Professor Heywood is seconded to lead an FCDO-funded research programme and so not currently teaching. Previously, he has taught modules on political parties in Europe, contemporary Spanish politics in comparative perspective, transitions to democracy, and corruption. Most recently, he taught the following Level 4 module:

M14130 Sleaze, Scandal and Corruption

Since the early 1990s, a series of major scandals in both the financial and most especially the political worlds has resulted in close attention being paid to the issue of corruption and its links to political legitimacy and stability. Indeed, in many countries - in both the developed as well as the developing world - corruption seems to have become almost an obsession. Concern about corruption has become a powerful policy narrative: the explanation of last resort for a whole range of failures and disappointments in the fields of politics, economics and culture. In the more established democracies, worries about corruption have become enmeshed in a wider debate about trust in the political class.
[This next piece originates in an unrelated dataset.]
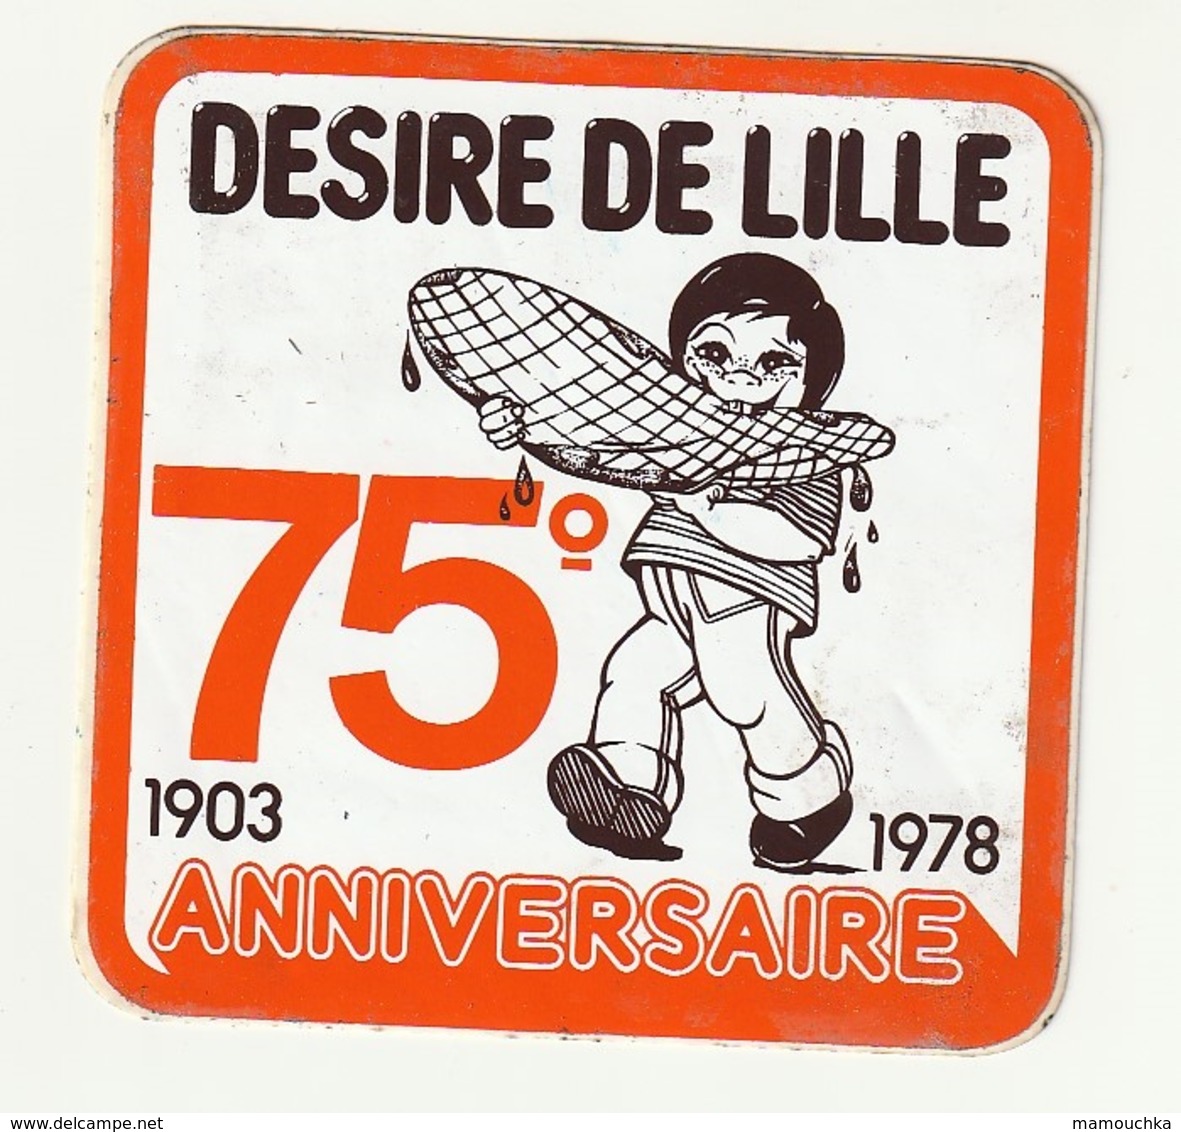 Autocollant Sticker Desire DE LILLE 75 ° Anniversaire 1903 - 1978 - Autocollants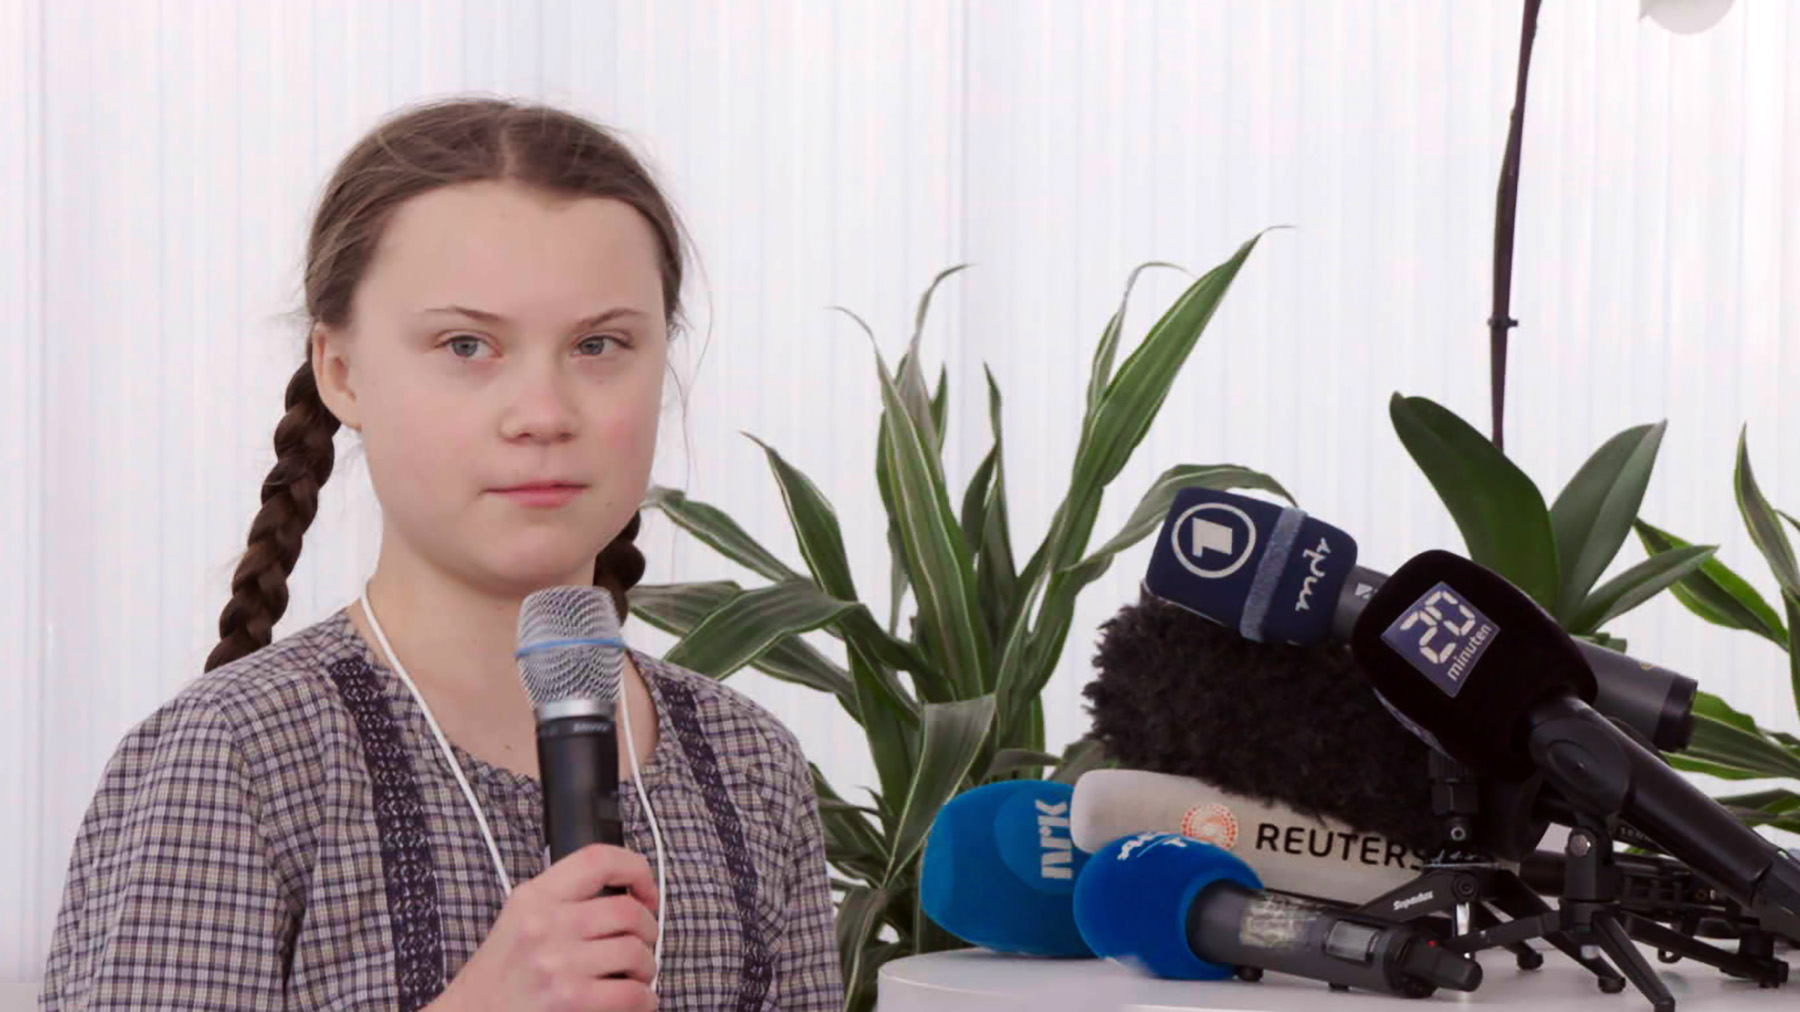 Greta Thunberg, die schwedische Klimaschutzaktivistin, bei einer Veranstaltung auf dem Weltwirtschaftsforum in Davos 2019

The module focused on empirical and theoretical studies of sleaze, scandal and corruption and explored such questions as:

  • How can corruption be effectively assessed and measured
  • Under what circumstances do incidents of corruption become scandals
  • Does the focus on sleaze reflect the 'tabloidisation' of political life
  • What are the impacts of corruption and scandal on democratic legitimacy and stability
  • Can 'good governance' offer an effective counter-measure to corruption
  • Is corporate corruption on the increase and, if so, how can this be explained
  • What connections exist between high level political corruption and organised crime

Current Research

There are three separate, but interlinked, strands to Professor Heywood's research which are all driven by the core question of how can we better understand the relationship between institutional structures, policy formulation and political outcomes. His approach has been informed by neo-institutionalism, both in its historical ('path dependency') and political ('network modelling') variants. Political corruption:

  • Why do the core 'remedies' for corruption, as prescribed by the World Bank, OECD and other institutions, fail to work as expected in established democracies?
  • What can we learn from 'least corrupt' countries, such as the UK and Sweden, about the 'danger zones' of corruption?
  • Does the increased focus on corruption by political leaders and the media since the early 1990s reflect a rise in the incidence of corruption, or a change in its political instrumentalisation?
  • What are the relationships between corruption, scandal and political trust?

Executive capacity:

  • How do political executives in developed European democracies manage increased public expectation in the context of declining capacity?
  • What can the literature on comparative politics bring to the analysis of the role of the executive in policy-making which public policy approaches fail to capture?

Democratic design and state development:

  • The particular focus here is on Spain: how was this country able to establish a functioning democracy in the aftermath of a long-term repressive dictatorship, and how has territorial integrity been maintained?
  • What are the key threats to democratic stability in Spain, and how have the 'contradictions' of the country been managed?